I posted this question on Y! Answers a while ago and no one answered it :) I thought I'd try my luck here instead.

A scientist performs an experiment to test two hypothesis. If hypothesis A is correct, there is a 20% chance that the experiment succeeds. If hypothesis B is correct, there is a 100% chance that the experiment succeeds. The two hypothesis are mutually exclusive, and one of them is definitely correct. If the experiment does in fact succeed, what are the chances that hypothesis A is the correct one?

I don't know if I did this correctly, but I did

P(B)=P(A')
P(C|A)=.2
P(C|B)=1

P(A|C)=P(AnC)/P(C)
=P(C|A)*P(A)/P(C)

P(C)=P(C|A)*P(A)+P(C|B)*P(B)

P(A|C)=(P(C|A)*P(A))/(P(C|A)*P(A)+P(C|B)*P(B))
=.2P(A)/(1-.8P(A))

Here's where I get mixed up.
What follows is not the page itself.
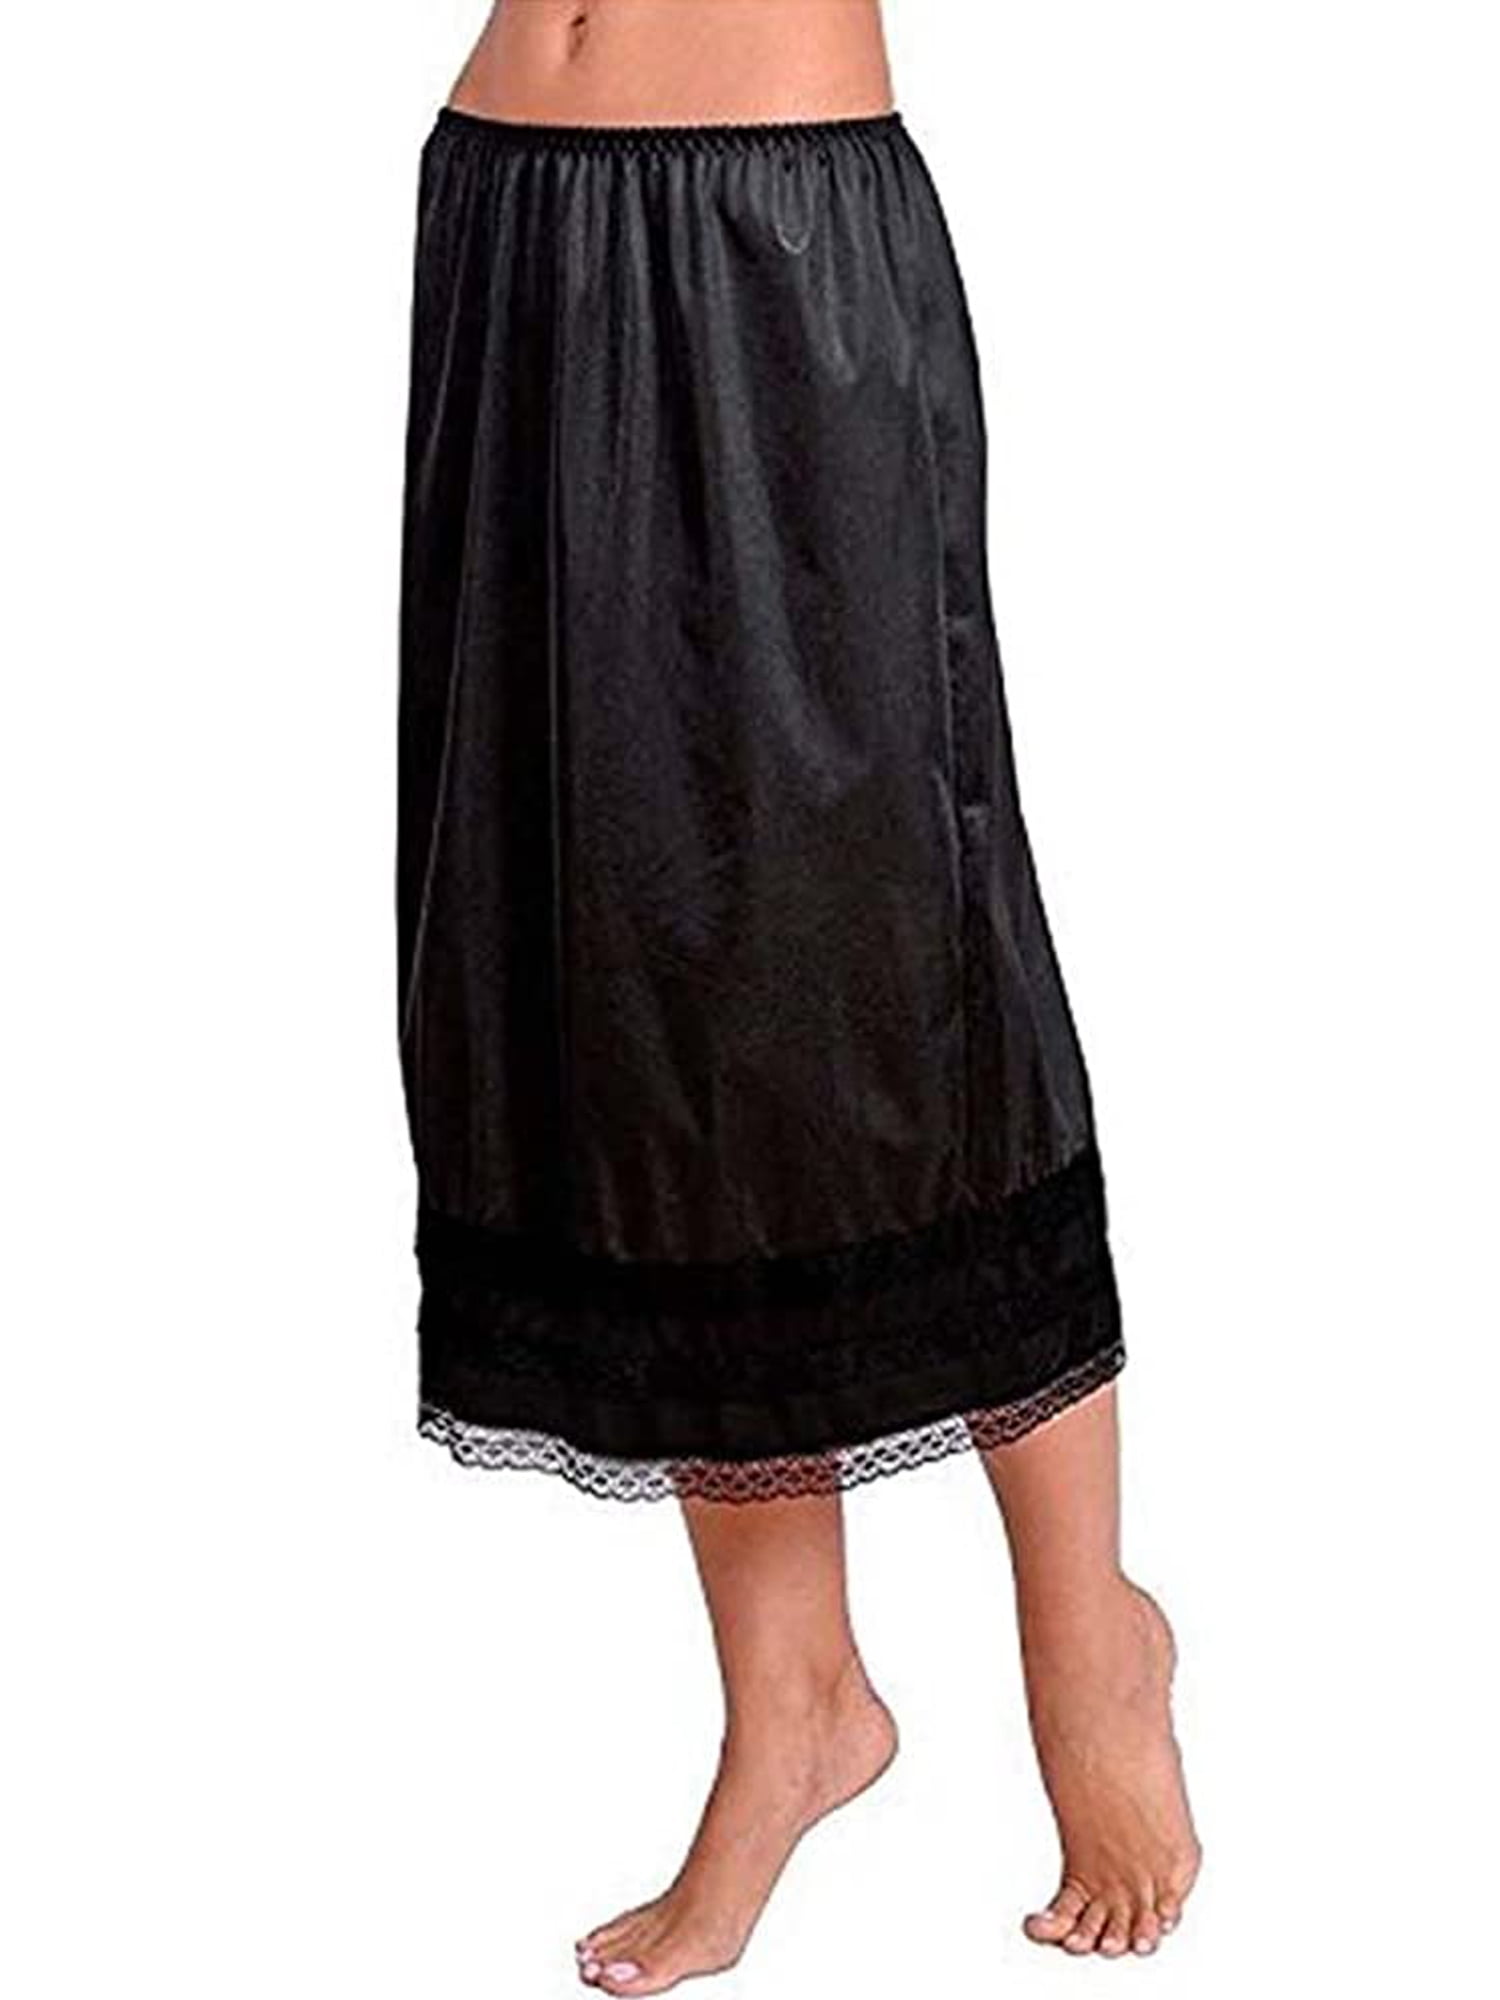 Womens Black Beige Long Length Vintage Retro Full Slip Petticoat for Under Dress

I don't know whether or not to say that hypothesis A and B are initially equally likely, and set P(A)=P(B)=.5. If I do, then

P(A|C)=.2*.5/(1-.8*.5)
=1/6

But I don't know whether or not I can do that. It seems like a really arbitrary thing to do. Could somebody out there help me please? This is really bothering me. Thanks!

The question as it is phrased is non sensical

Pr( hypothesis A is correct given any condition ) =
1 if it is correct, 0 if it is not.

The true state of nature is not the outcome of an experiment. (frequentist opinion)

Statisticians usually talk about liklihood in this situationn.

one could take the view that hypothesis a is a parameter in a family and find the liklihood associated with it.

Let f1 = bernoulli(20%), f2 = bernoulli(1).

X is the outcome of your trial

X ~ bernoulli( F1(theta) + f2(1 - theta) ).

theta = 1 if hyp A correct.

and so forth.